(Supplied material Opens)

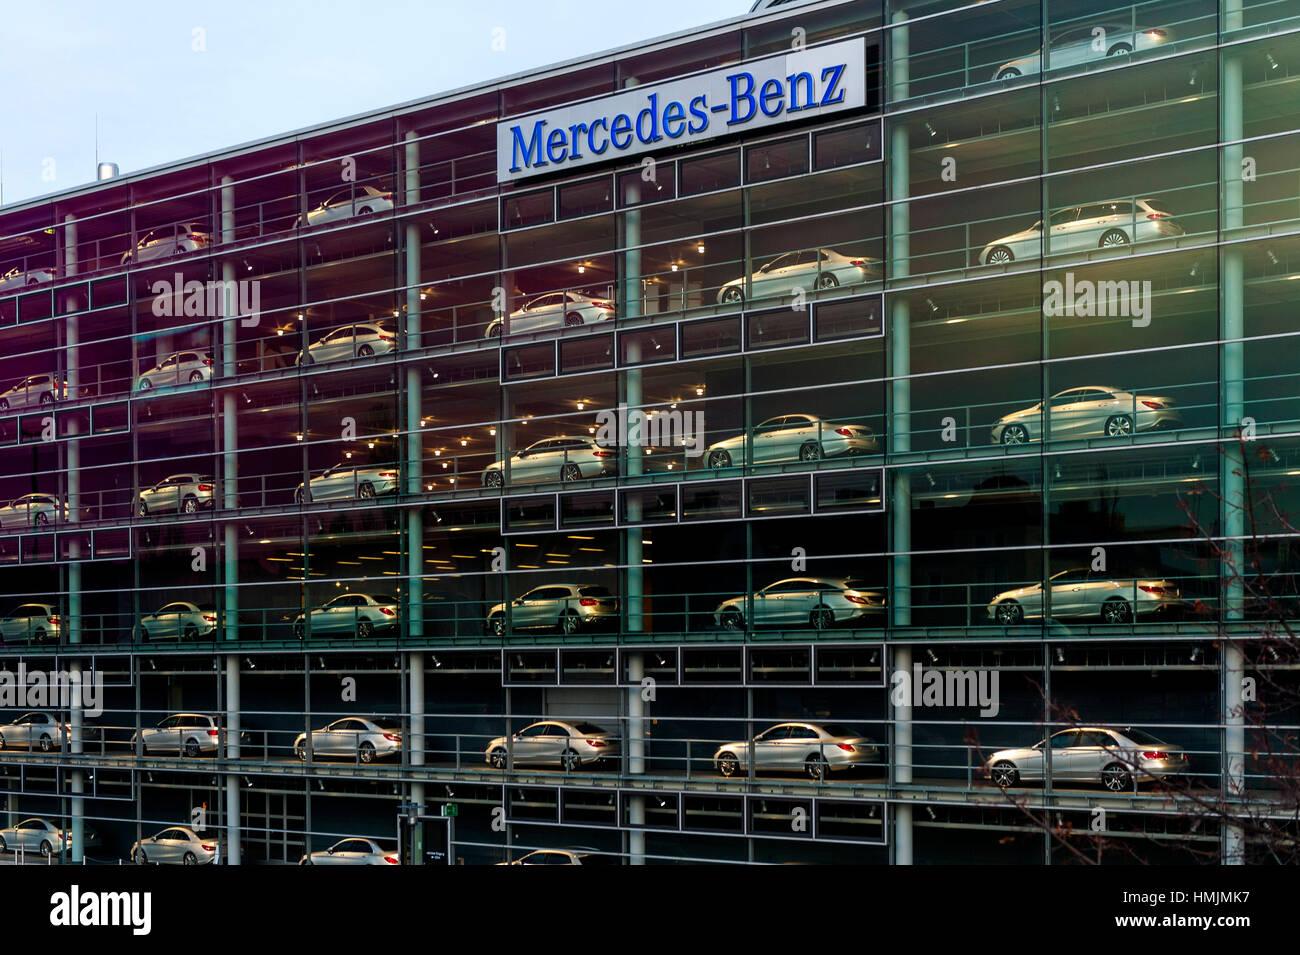 Mercedes Benz Branch Munich - Bavaria, Germany Stock Photo
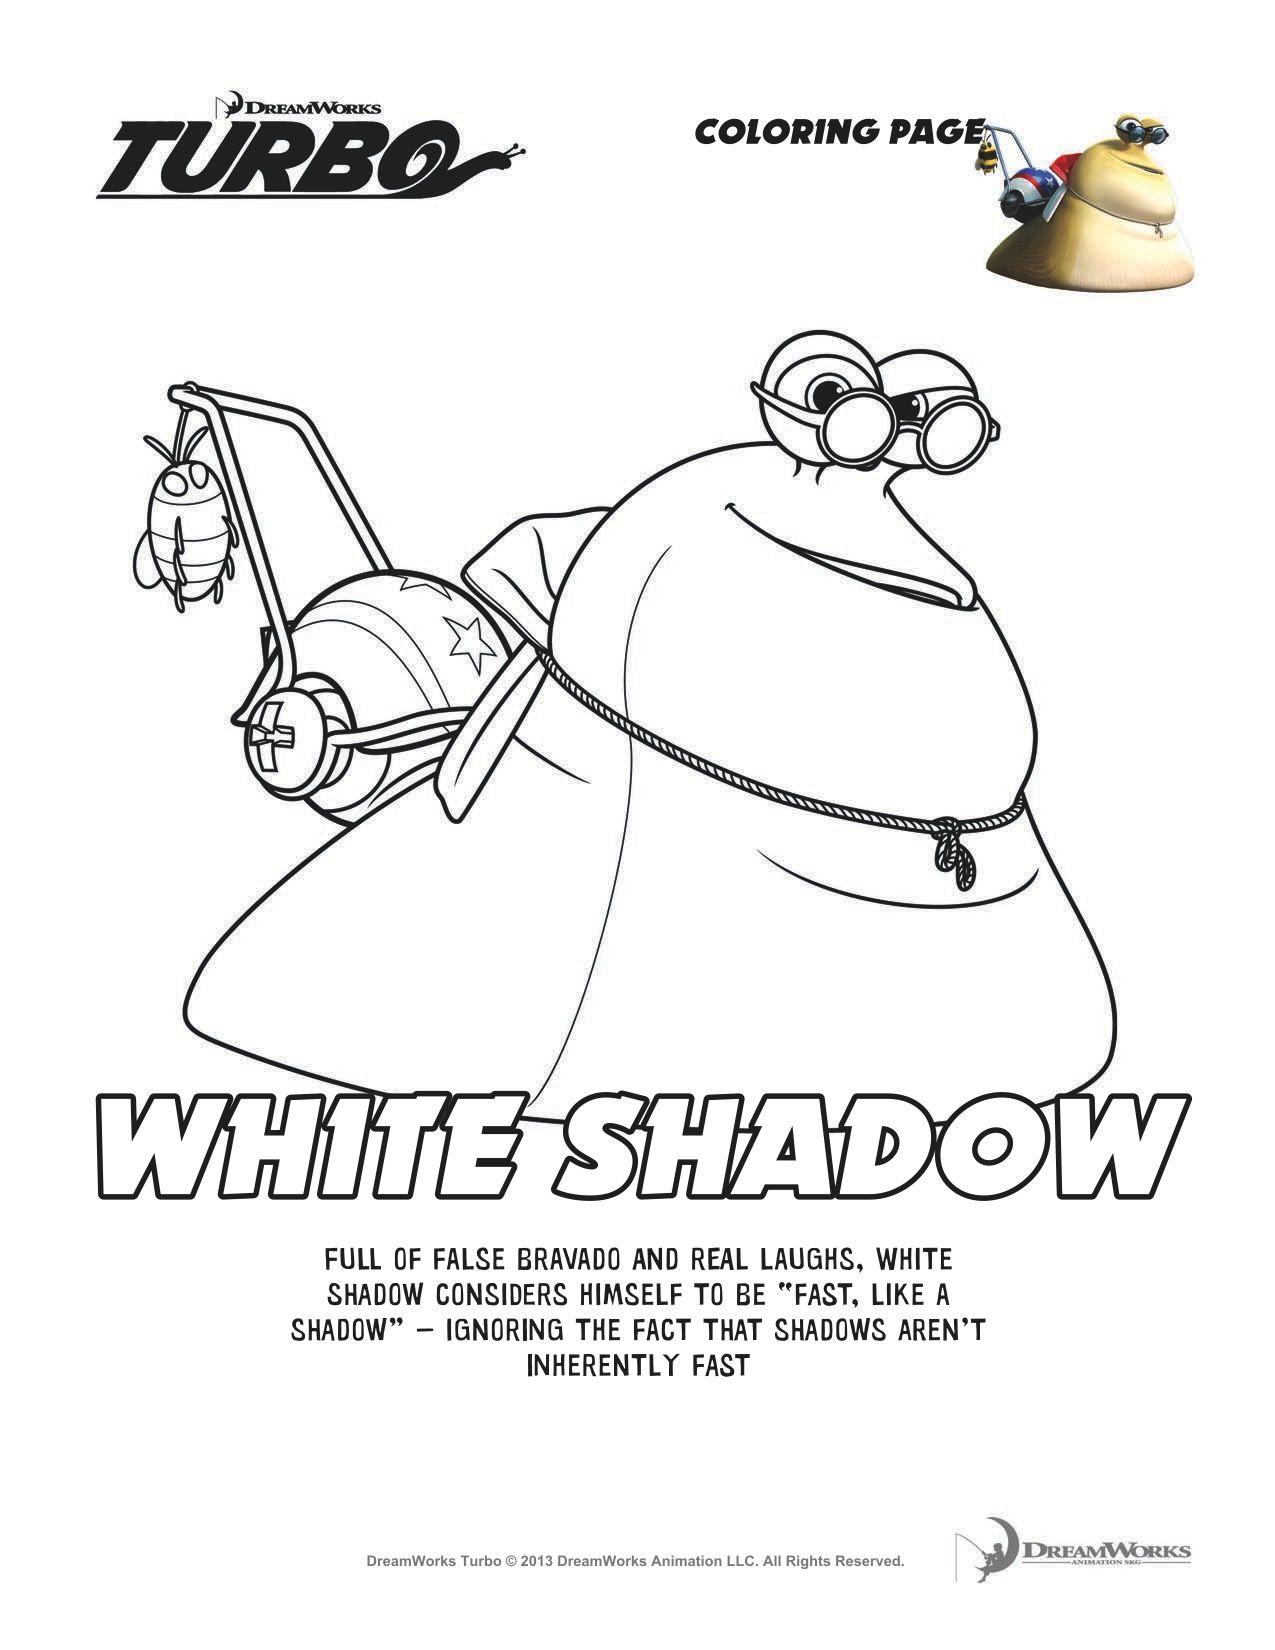 Turbo White Shadow Coloring Sheet
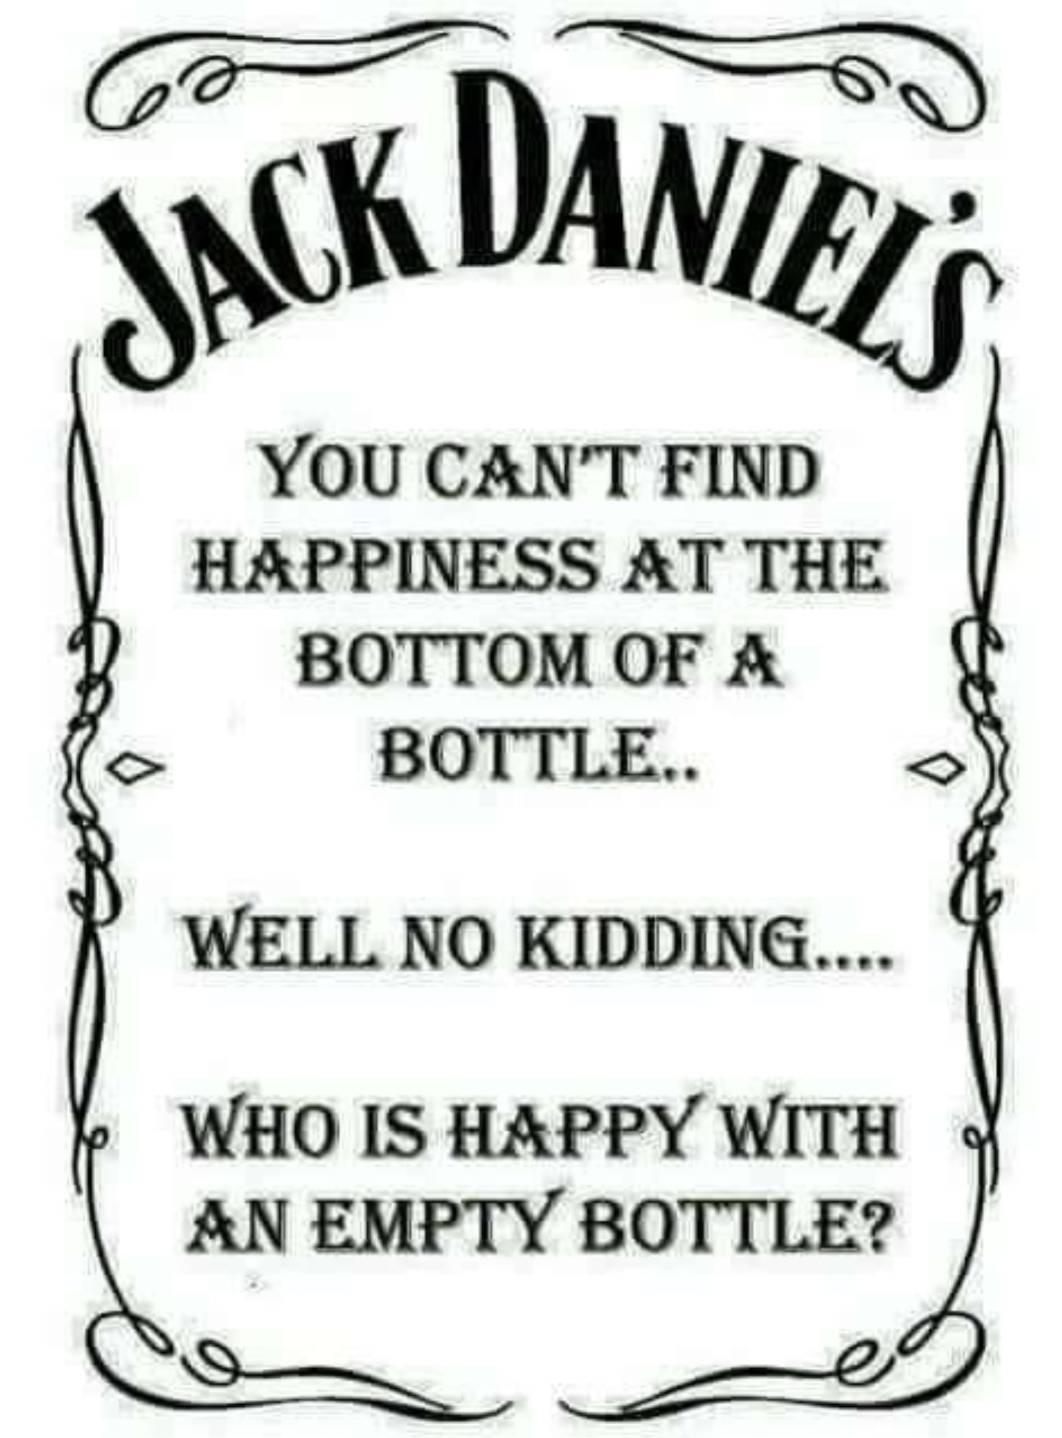 jack danials.jpg

(Supplied material Closes)

#### [Work order]
What is needed is an exact copy of all the data, with no images in it.

#### [Response to this task]
 Mercedes Benz Branch Munich - Bavaria, Germany Stock Photo
 Turbo White Shadow Coloring Sheet
 jack danials.jpg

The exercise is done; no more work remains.